Was torn between the extra physical controls of the D7100 and the tilting screen of the D5200 along with its lighter more ergonomic feel in hand. Image quality between the two seems similar. I opted for the D5200 and so far happy I went for it rather than the slighlty larger D7100. Thought I'd spend the cost difference in better lens quality. The D7100 screw drive would have focused by old film Nikkor lenses, but I thought it better to move to newer DX lenses with the amazing VR which didn't exist when I used film.

Only grip is I would prefer a second dial, but the tilt screen was worth the compromise. I don't bother using the ridiculously high 24mp image size, instead opting for 'medium' which is about 16mp which is more than enough. A very happy camper so far. After defecting from Nikon film SLRs to Fuji compact bridges a decade ago, now very pleased with the compact feel of the D5200 and the images it produces with ergonomic ease.

0 upvotes
DidYouConsider

I am trying to decide between the Nikon D5200 and the Canon T5i (700D).
I am *totally* confused by the JPG/Noise/ISO data on this page.

DPReview gives higher ratings to the Nikon, both for image quality and for noise. But, when I see the data above, I see the exact opposite. I must be mis-reading the data. I am only interested in the JPEG data. I don't like to use RAW - just takes up way too much space on my harddisk....

From what I see above, the Canon image seems much crisper - much much less noise. Can someone explain why DPReview gives the nod to the Nikon??

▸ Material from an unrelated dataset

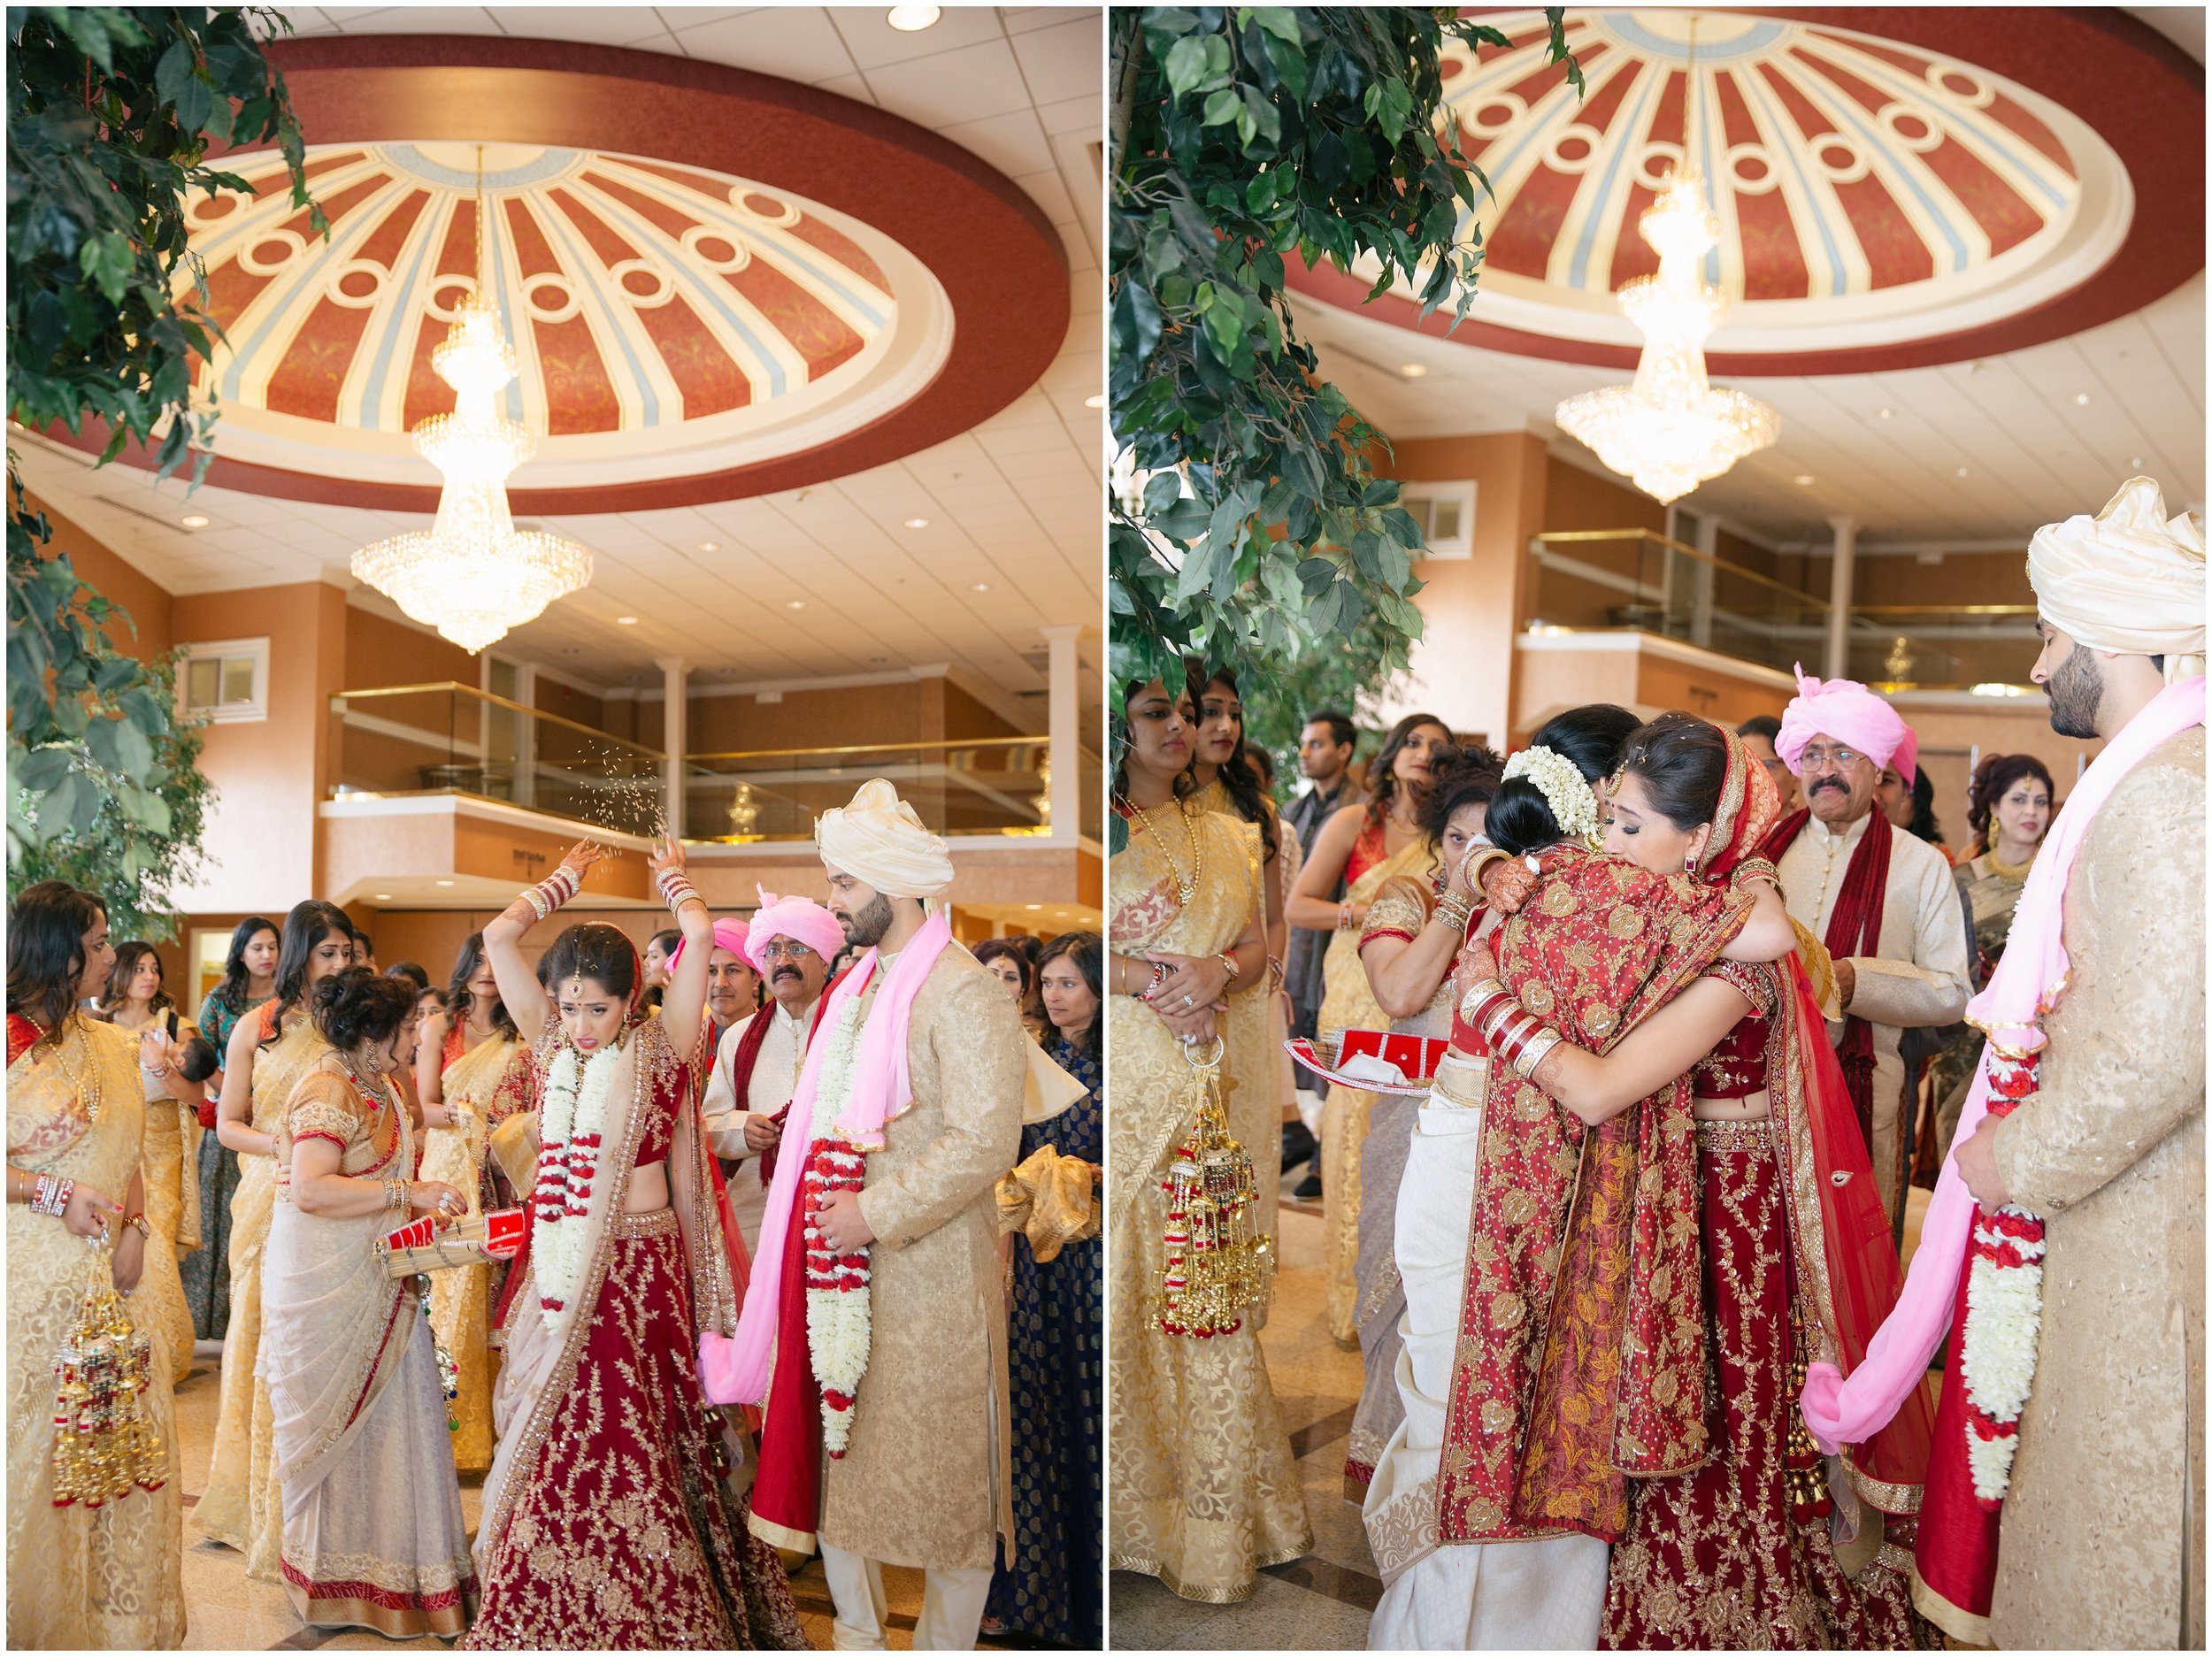 Le Cape Weddings - South Asian Wedding in Illinois - Tanvi and Anshul -9884_LuxuryDestinationPhotographer.jpg

When I downloaded the sample image for both cameras, I also think the Canon seems so much crisper and sharper. Why would someone think the Nikon picture is better? They must be seeing something I am missing.

Any insight would be appreciated....

1 upvote
Duncan Dimanche

big cloister of dead pixels visible in that last visible video sample…. in the center…argh

0 upvotes
PeterDost

"particularly if you're prepared to move beyond either of the kit lenses to higher quality optics"

Which lens would provide better image quality providing a similar range like the 18-105?

Recommendations are welcome.

0 upvotes
AdamLeszko

considering that You have plenty of pixels to crop from 24M, and pretty average performance of mentioned lenses on long end, I would rather use tamron's or sigma's 17-50s with 2.8 light. Both in proce range of about $300-$400. They will actually allow You to take benefit of such big number of pixels.

cheers

0 upvotes
moeskoetie

why is the D5200 better for sports than the D5300?